The muttering that can't be ignored

The director-general of the BBC, Tony Hall, will have delighted many viewers when he said earlier this week that he wanted the corporation to look at how to stop actors "muttering" in its TV dramas. He told the Radio Times that the BBC was trying to address the problem of background music making it difficult for some viewers to hear what is being said. He said: "Actors muttering can be testing – you find you have missed a line – you have to remember that you have an audience."
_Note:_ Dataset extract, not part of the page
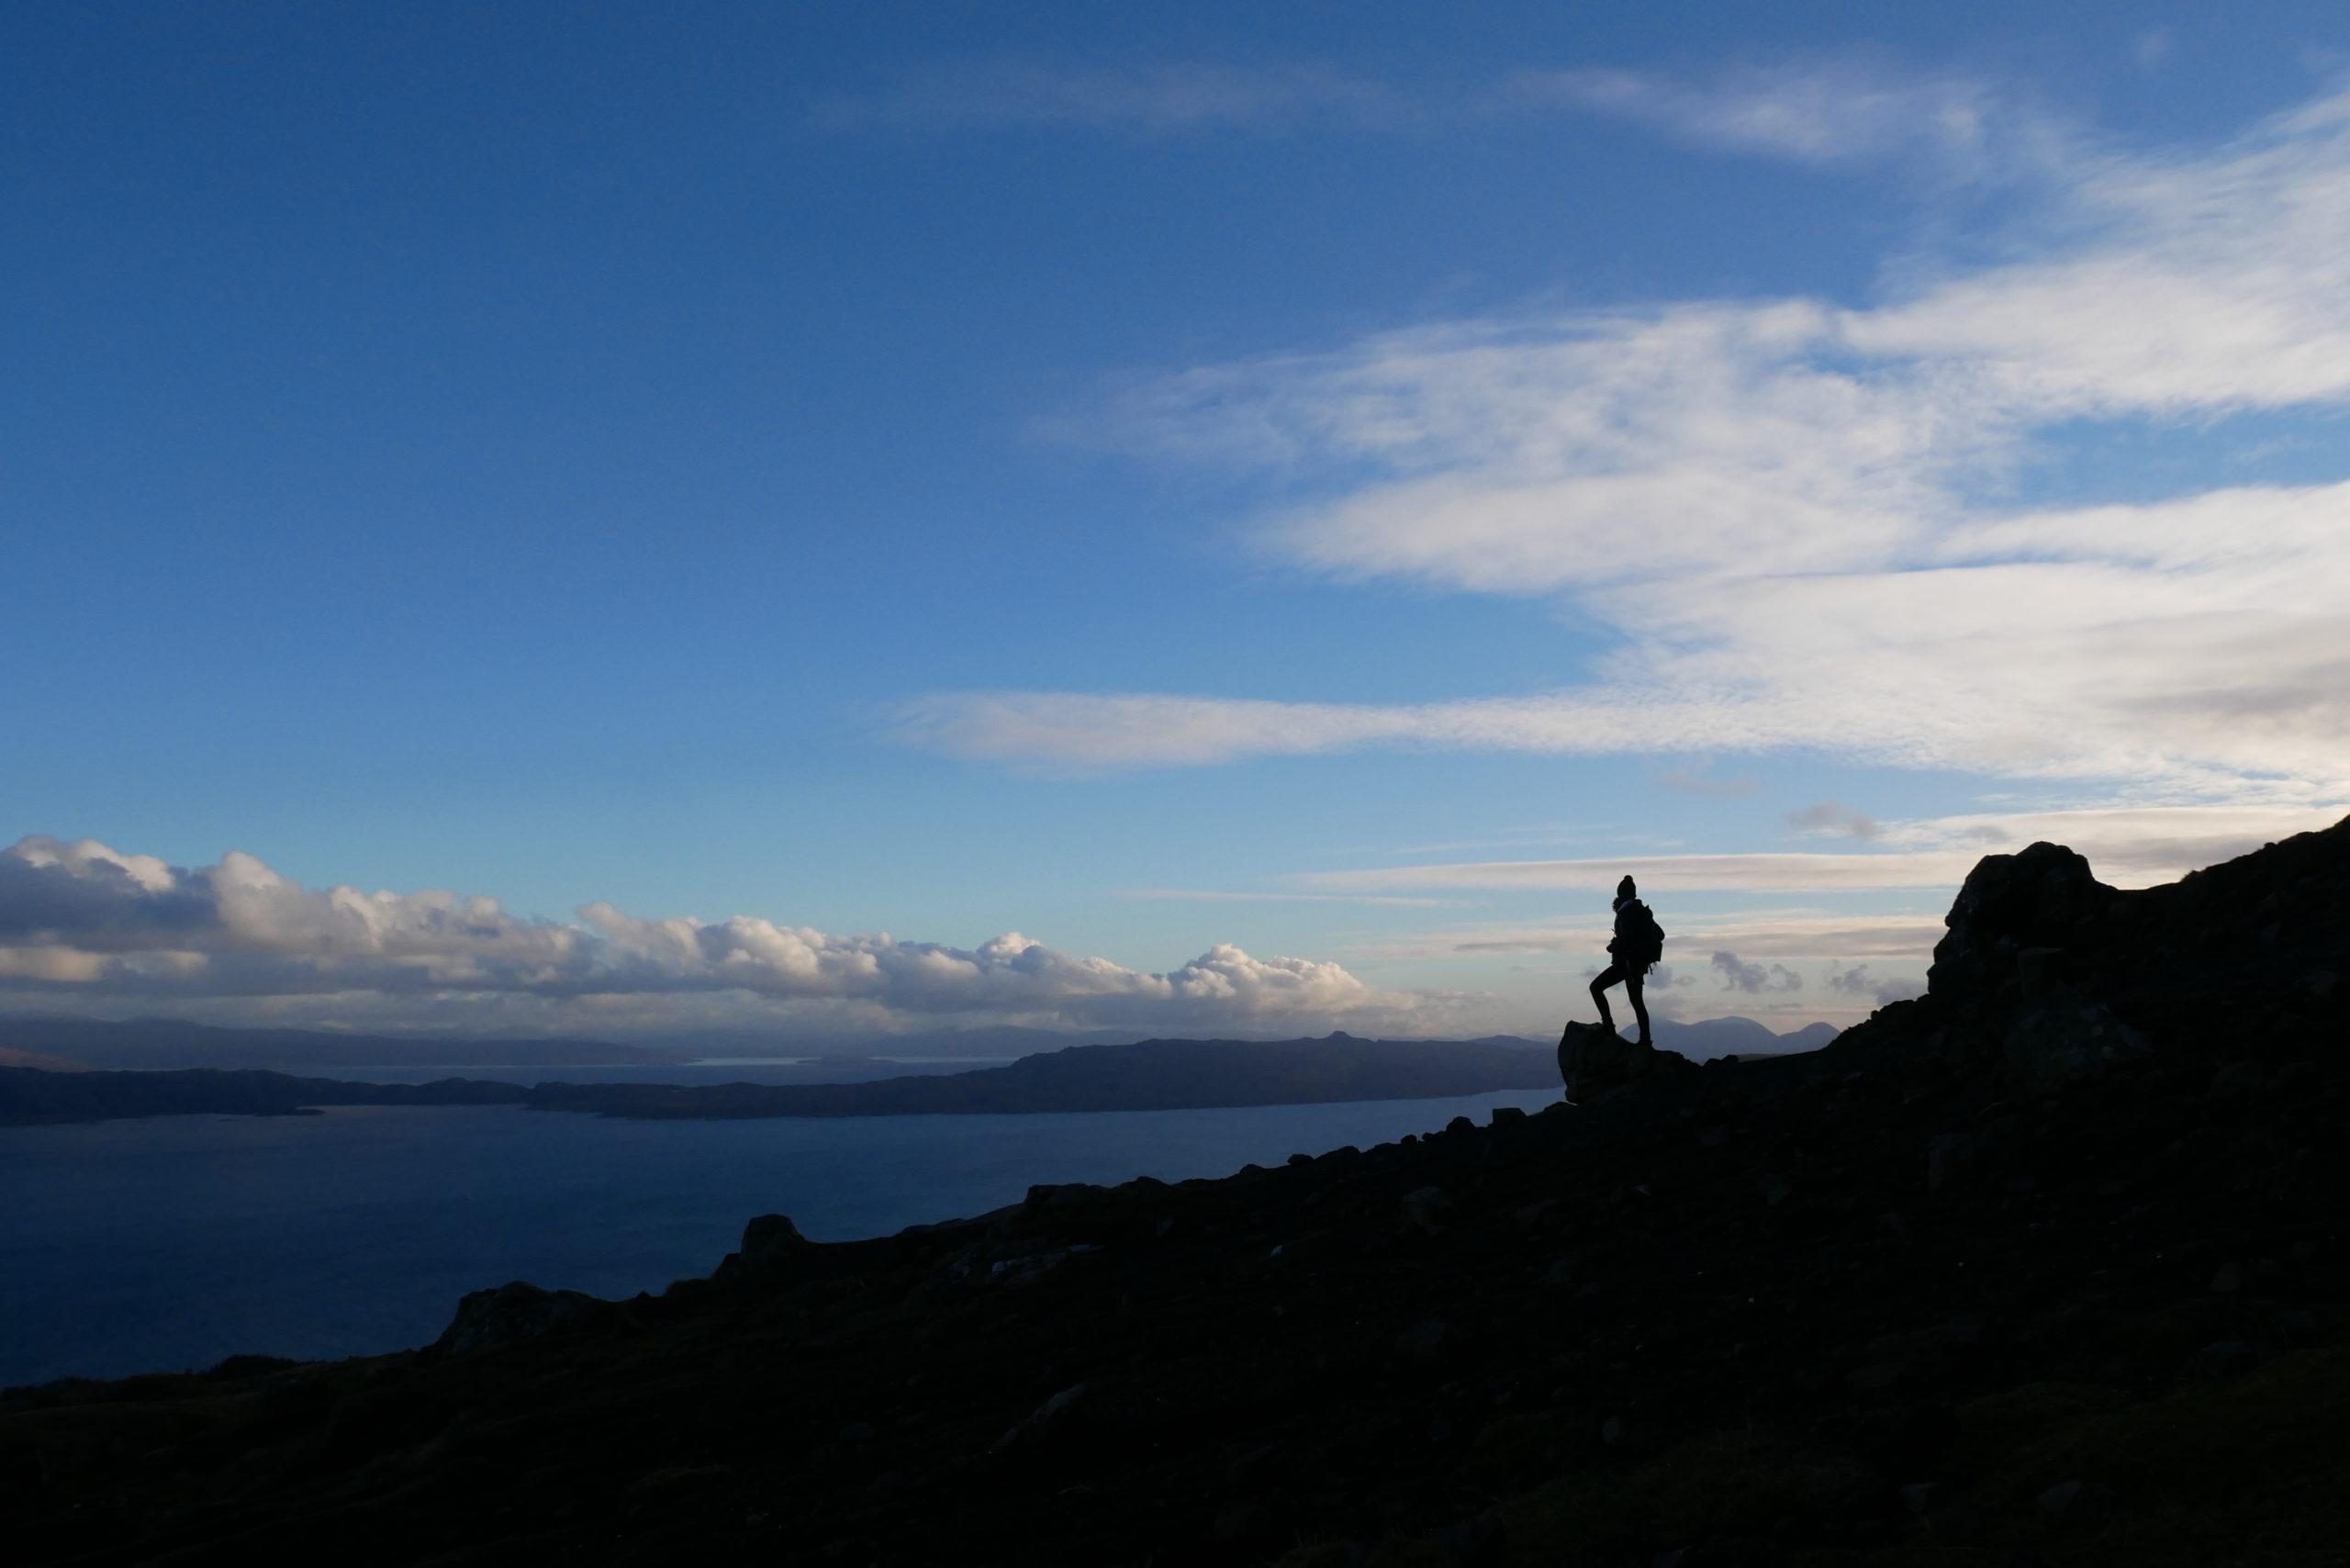 photographie-LumixGX80-scotland-isle-of-skye-ombre

Some will argue that the Marlon Brando approach is now deeply embedded in drama schools and it needs root-and-branch reform of drama school teaching. But there is a simpler way to help audiences. Directors of these dramas could simply say to offending actors: "Oy, you, stop muttering!" A memo to that effect from the DG's office should do the trick.

Tootsie was a real tear-jerker for its star

Dustin Hoffman has revealed – and literally with tears in his eyes – that playing a woman in the 1982 comedy Tootsie was painful "and never a comedy for me" as it brought home to him how men, particularly himself, treated a plain, middle-aged woman.

Poor Dustin. Are there any of his movies that he can now look back on with equanimity, let alone laughter? The Graduate must surely have made him share the anguish of real-life graduates unable to find work, Kramer vs Kramer would have had him empathising with the trials of single parents, and the plight of the homeless would have made him suffer during the shooting of Midnight Cowboy. And that's not even to mention how he would have felt our pain, thinking about the backbiting in a real-life newspaper office during All the President's Men.

He should stop looking back on his career. The weeping will never end.